In this framework, because God knows all of this, it is the glory of the Lord to conceal a thing. The glory of kings to find it out. That is to say, God’s got it all. He knows the whole pattern and structure of the whole affair, and it is part of his glory that he doesn’t tell it all. Partly because he’s omniscient. Partly because he wants the whole universe to acknowledge him.
It is part of the glory of the king, we’re told, to find it out. Which means, of course, that it is part of the mediators of the covenant. Part of the responsibility of those who are the representatives of God to think through God’s ways and words, his self-disclosure, and mediate it on. In the non-wisdom setting you get some of the same theological theme in a passage like Deuteronomy 29:29. “The secret things belong to God, but the revealed things to us and to our children forever.”
Notice again you’re still dealing with the kind of vision of reality I mentioned this morning over against both modernity and post-modernity. It was much better understood both in the Middle Ages and at the time of the Reformation. You begin with God and what he knows. There is, in other words, I think a distinctive biblical epistemology, but I leave that one aside.
The modern problem is that although Proverbs recognizes it is the glory of the Lord to conceal a thing (that’s not his only glory, of course; he reveals a great deal) and the glory of kings to find it out, our modern problem is that we recognize the glory only in the latter, in the finding of things out. We do not any longer perceive the glory of God in what lies behind what we discover.
An astronomer finds something and names it after himself! Halley’s comet. He didn’t make it! He can’t tame it. He doesn’t own it, but it’s “Halley’s Comet.” Not, “Oh! Yet another comet to the glory of God.” We mark it with our name the way a dog marks something he finds on his turf. Yes, including coffee.

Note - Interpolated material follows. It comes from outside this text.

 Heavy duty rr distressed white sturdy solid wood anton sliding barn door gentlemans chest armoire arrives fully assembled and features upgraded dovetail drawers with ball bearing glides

All of this (this downstairs stuff in wisdom) is foundational for what is upstairs. All the practical things that are upstairs (I’ll come to them in a moment) need the hard ground floor. The fear of the Lord. Thus, dozens of proverbs that stress God’s sovereignty and God’s providence and God’s control. Words may come from the king, but the Lord turns the king’s heart anywhere he wills.

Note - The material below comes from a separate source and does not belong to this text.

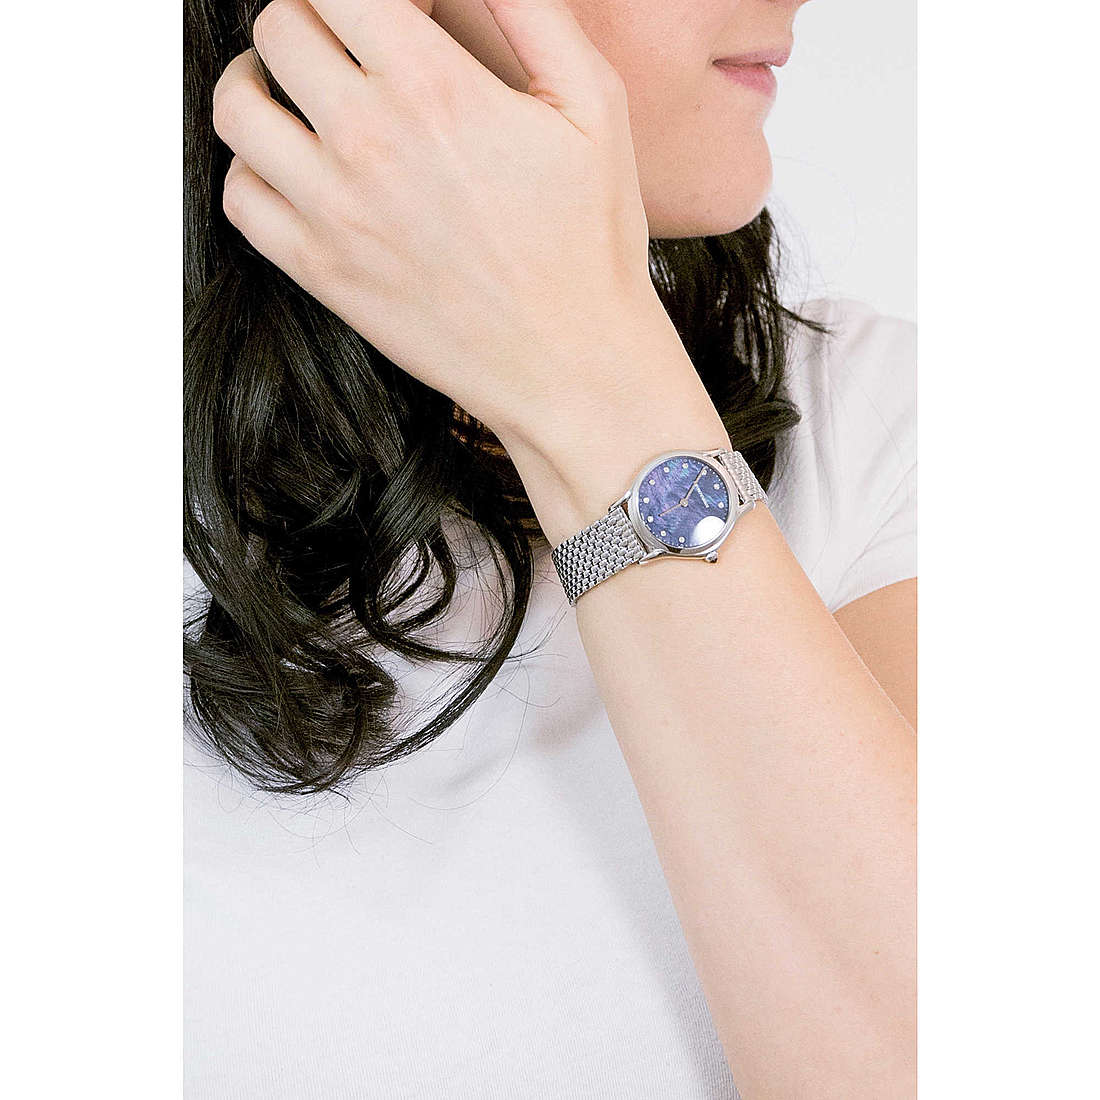 Emporio Armani Swiss only time woman ARS7507 wearing

God is behind all of it. The fear of the Lord is the beginning of knowledge. The fear of the Lord is the beginning of wisdom. That’s all on the ground floor. It’s God’s universe. Upstairs, wisdom is more like a skill. A skill located in several different rooms … four rooms in particular. (This is still Waltke’s analogy.)
1. Survival skill.
Proverbs 30:24 and following say, “Four things on earth are small, yet they are extremely wise. Ants are creatures of little strength, yet they store up their food in the summer; conies [rock badgers, probably] are creatures of little power, yet they make their home in the crags; locusts have no king, yet they advance together in ranks; a lizard can be caught with the hand, yet it is found in kings’ palaces.”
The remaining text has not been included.